Exercise prompt -
Say how many of the lines below contain the word "Shoulder"; nothing else belongs in the answer.

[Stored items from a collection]

::::::

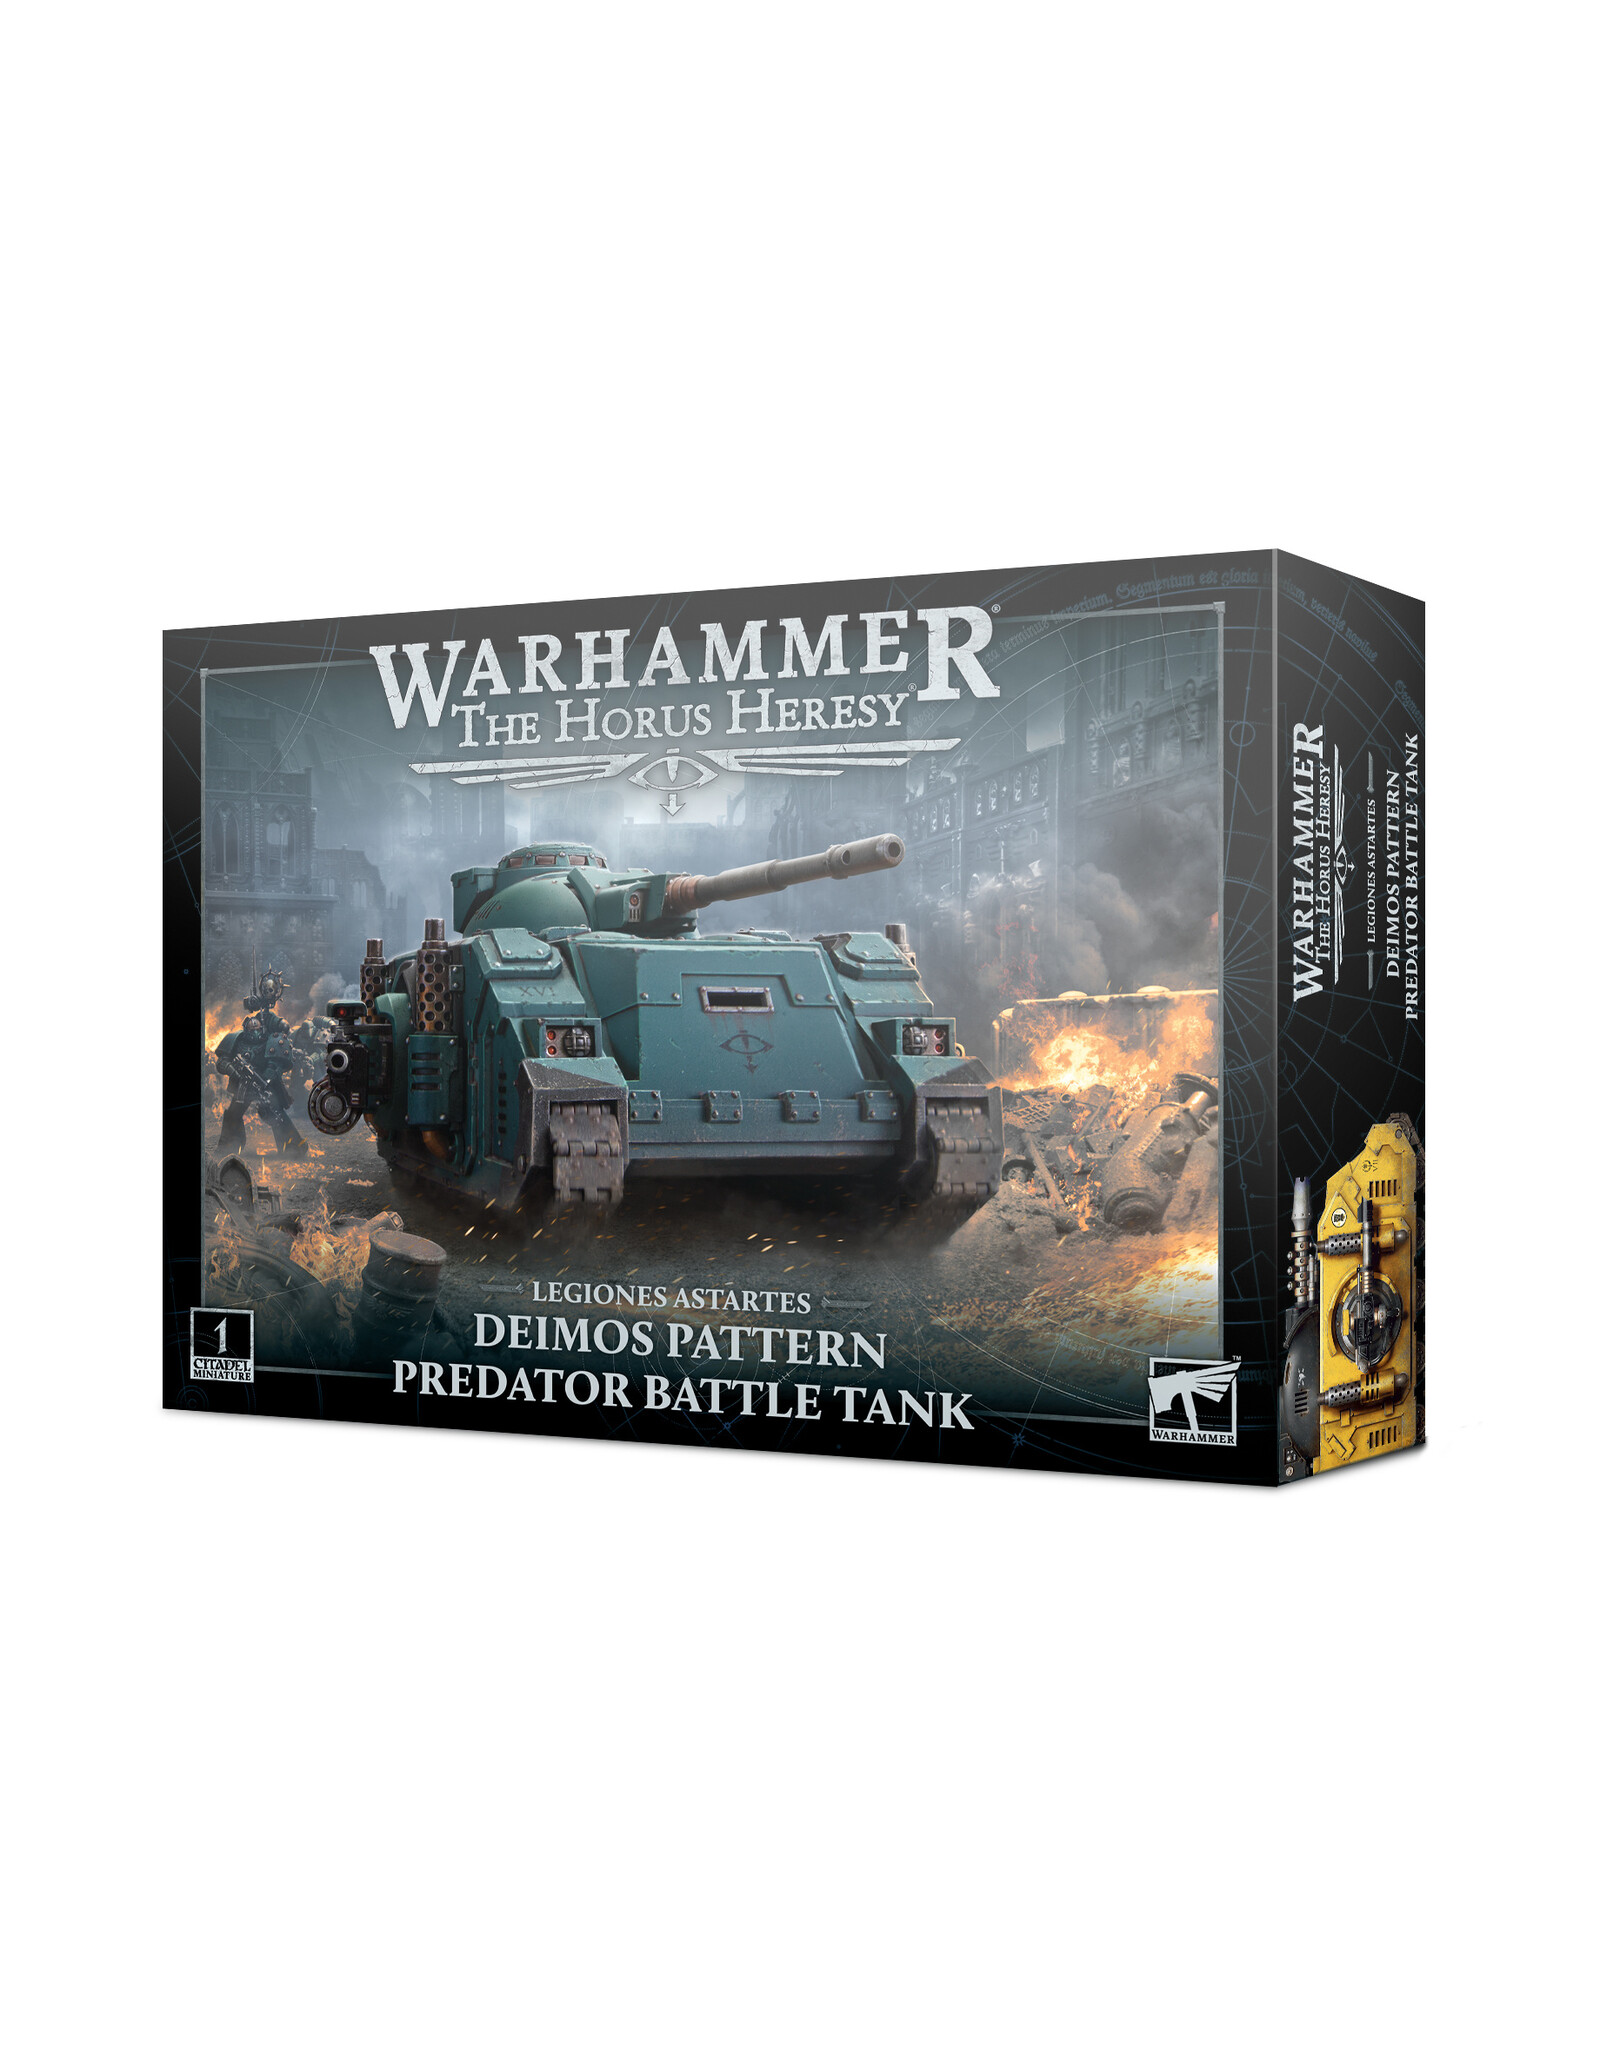 Warhammer 40K Legiones Astartes: Predator Battle Tank
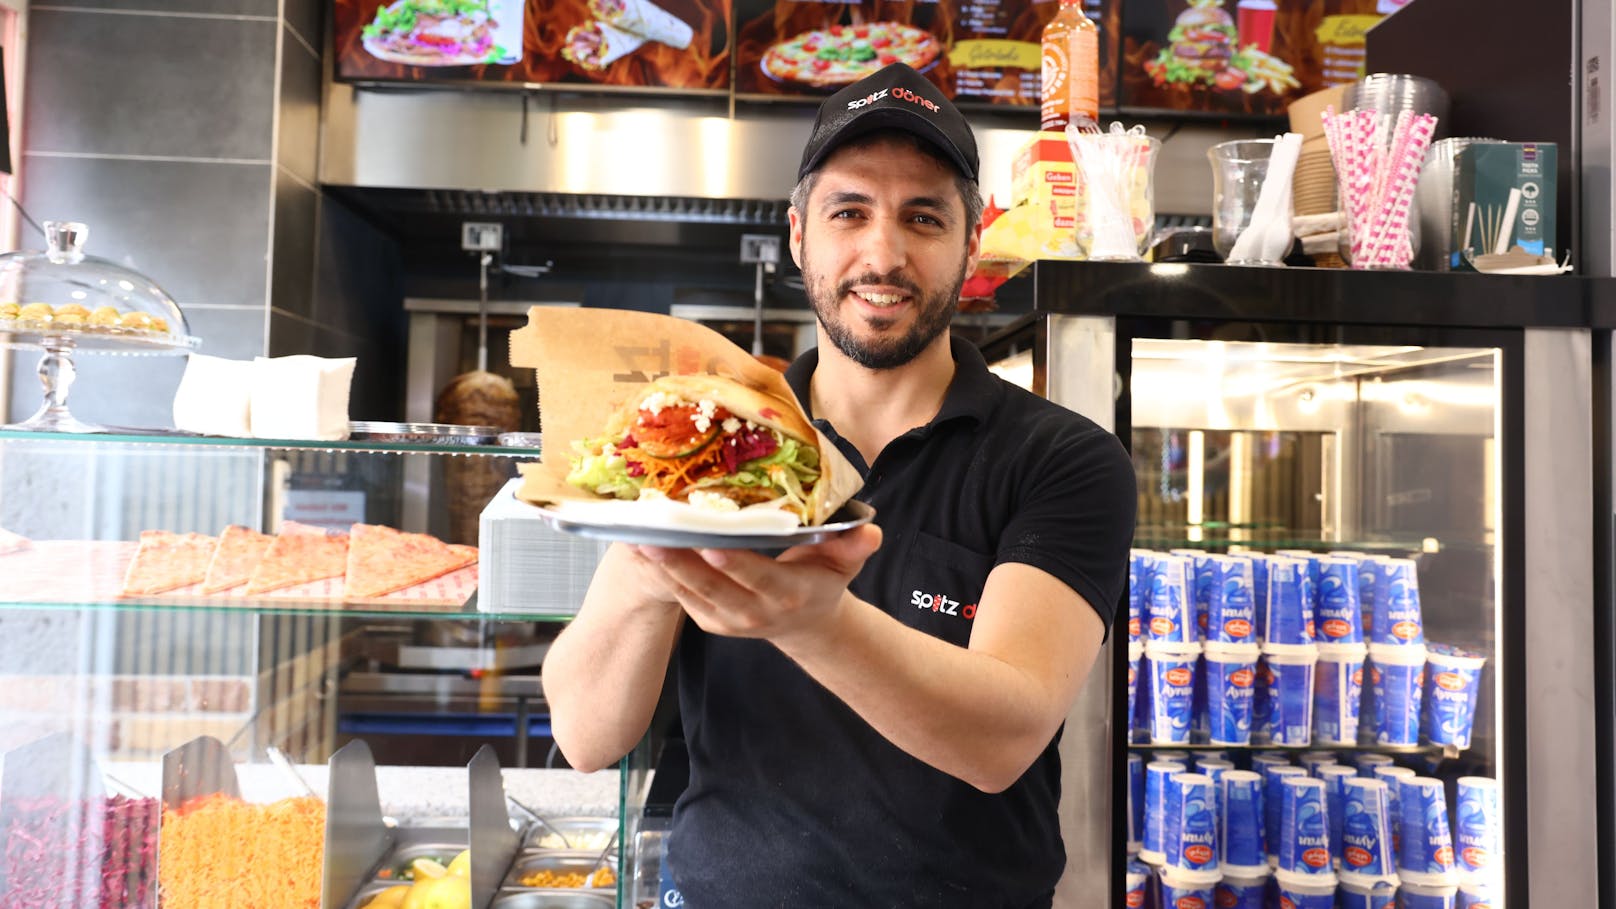 Das Restaurant "Spitz döner" in Wien-Floridsdorf hat eine neue Aktion für Kebab-Fans angekündigt – vor allem "Heute"-Leser dürfen sich freuen.
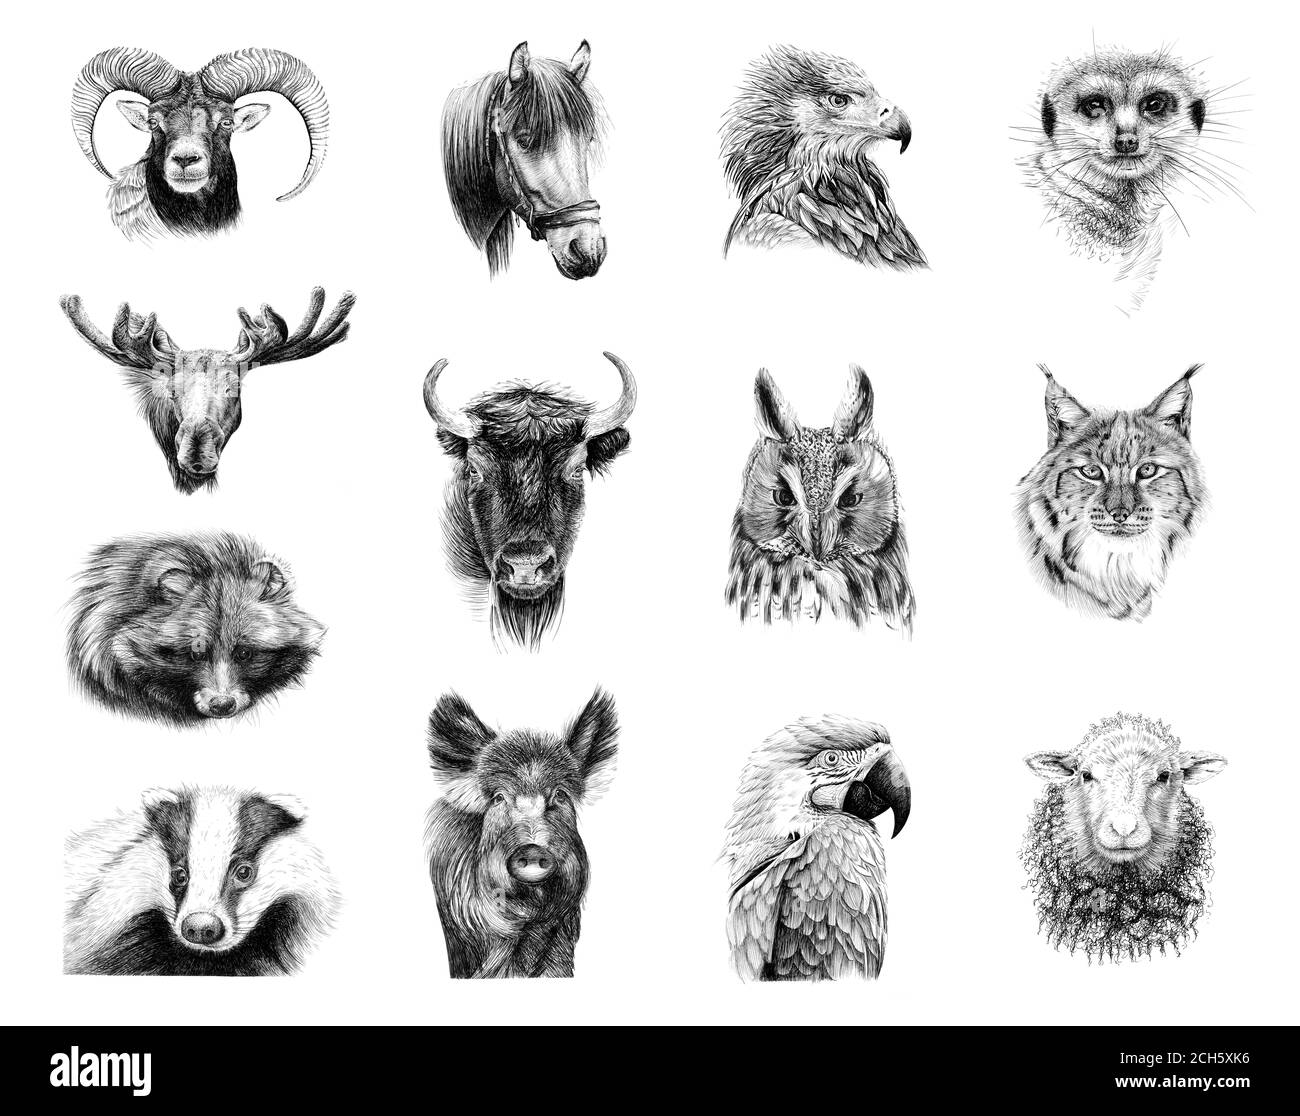 Handgezeichnete Porträts von dreizehn Tieren, Skizzengrafiken monochrome Illustration auf weißem Hintergrund (Originale, keine Zeichnung) Stockfoto
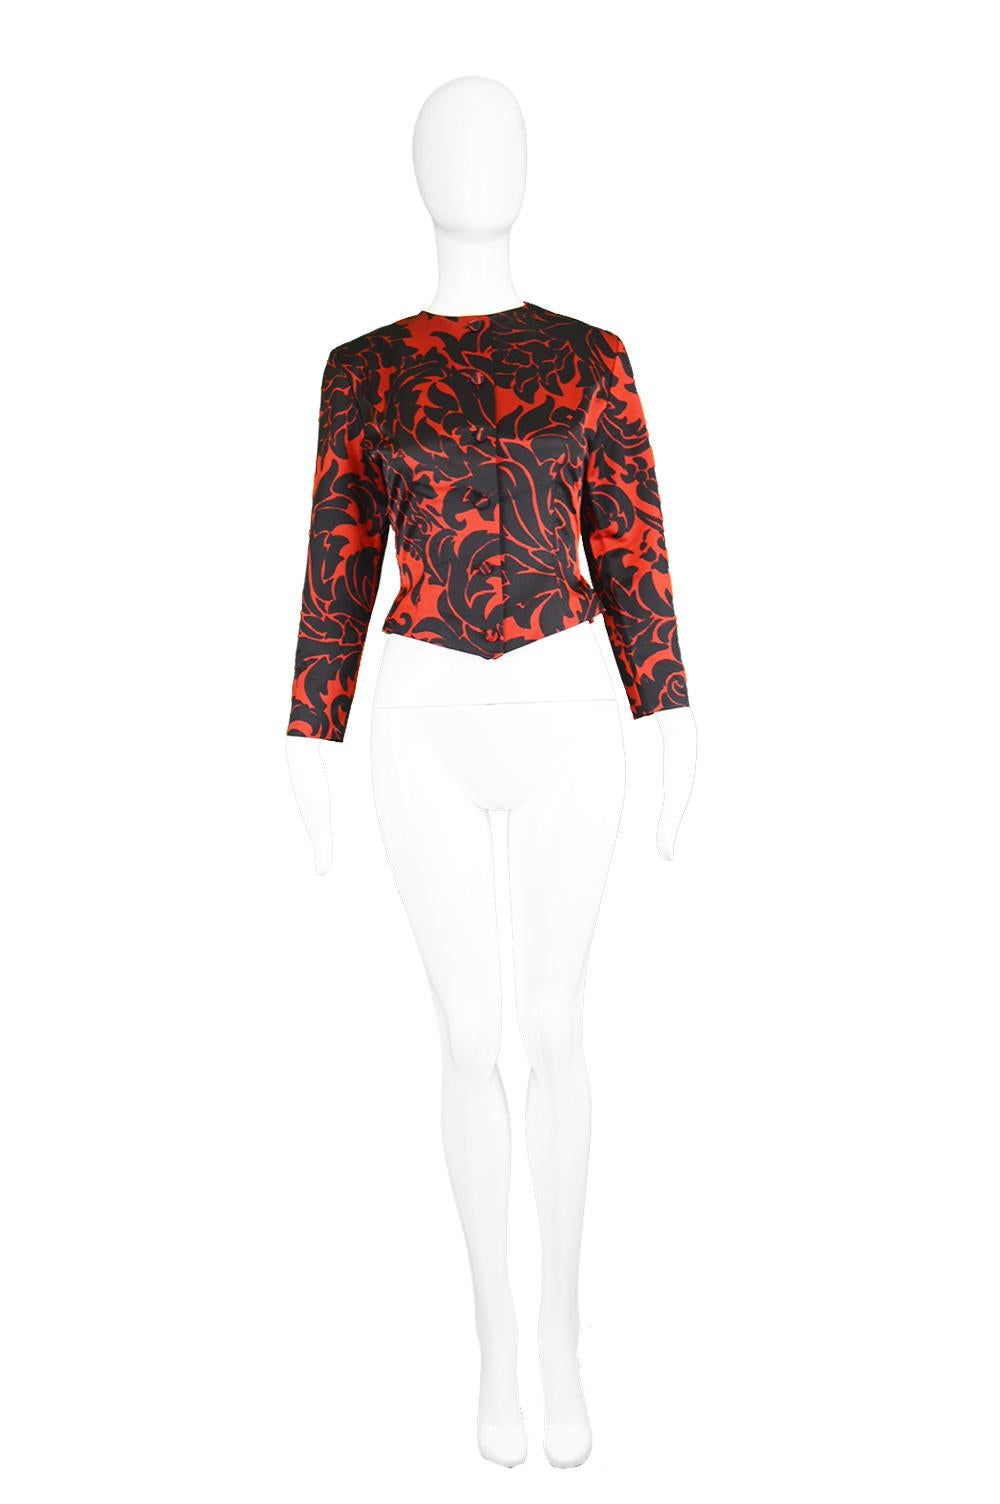 Vicky Tiel Couture Vintage Red & Black Fitted Damask Patterned Jacket, 1980s

Estimated Size: women's UK 8/ US 4/ EU 36. Please check all measurements. 
Bust - 32” / 81cm
Waist - 26” / 66cm
Length (Shoulder to Hem) - 18” / 46cm
Shoulder to Shoulder
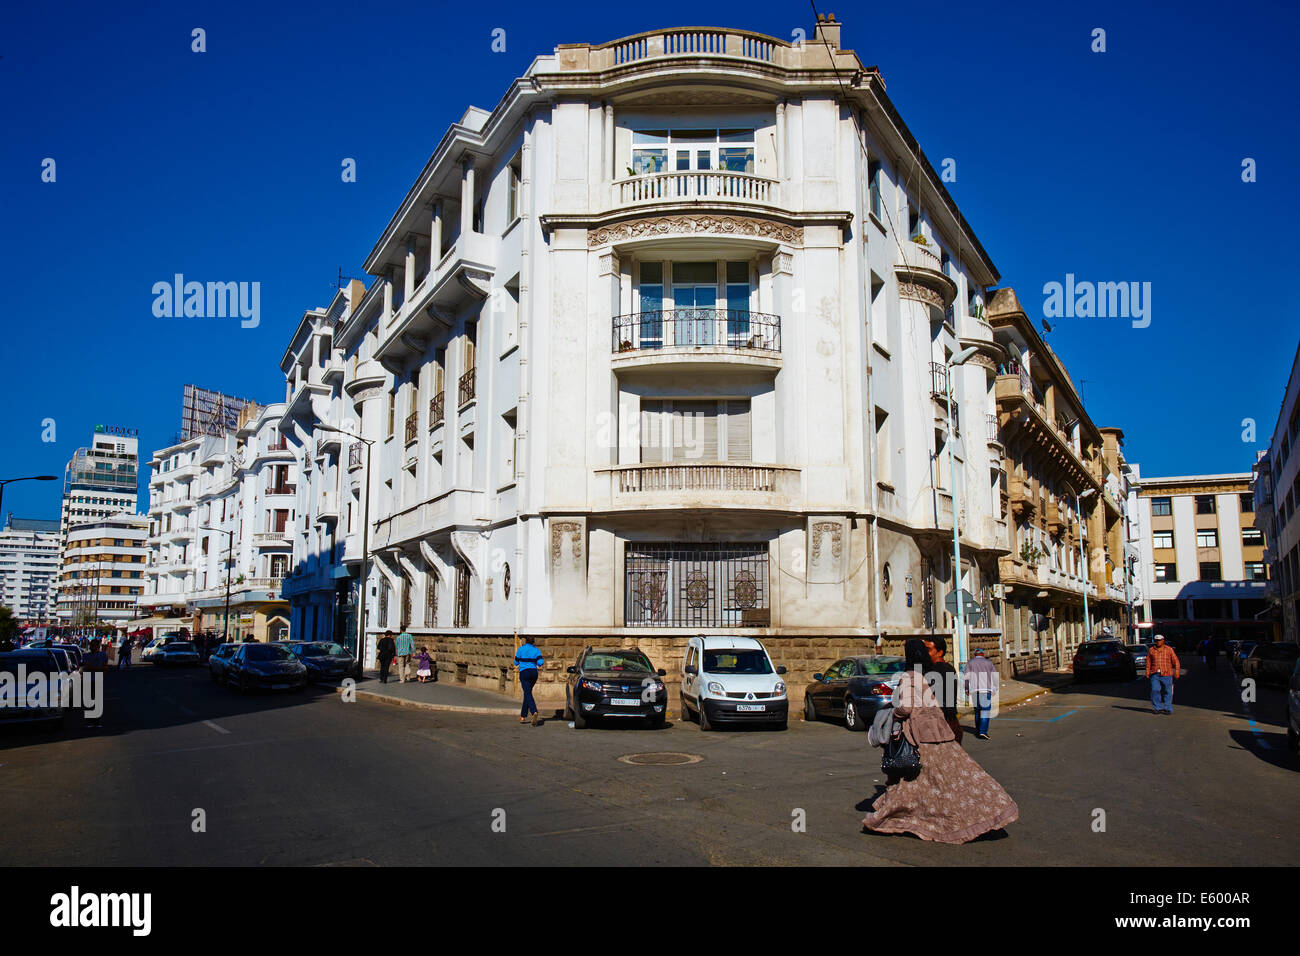 Morocco, Casablanca, Abderrahman Sahraoui street Stock Photo

::::::

Task output -
2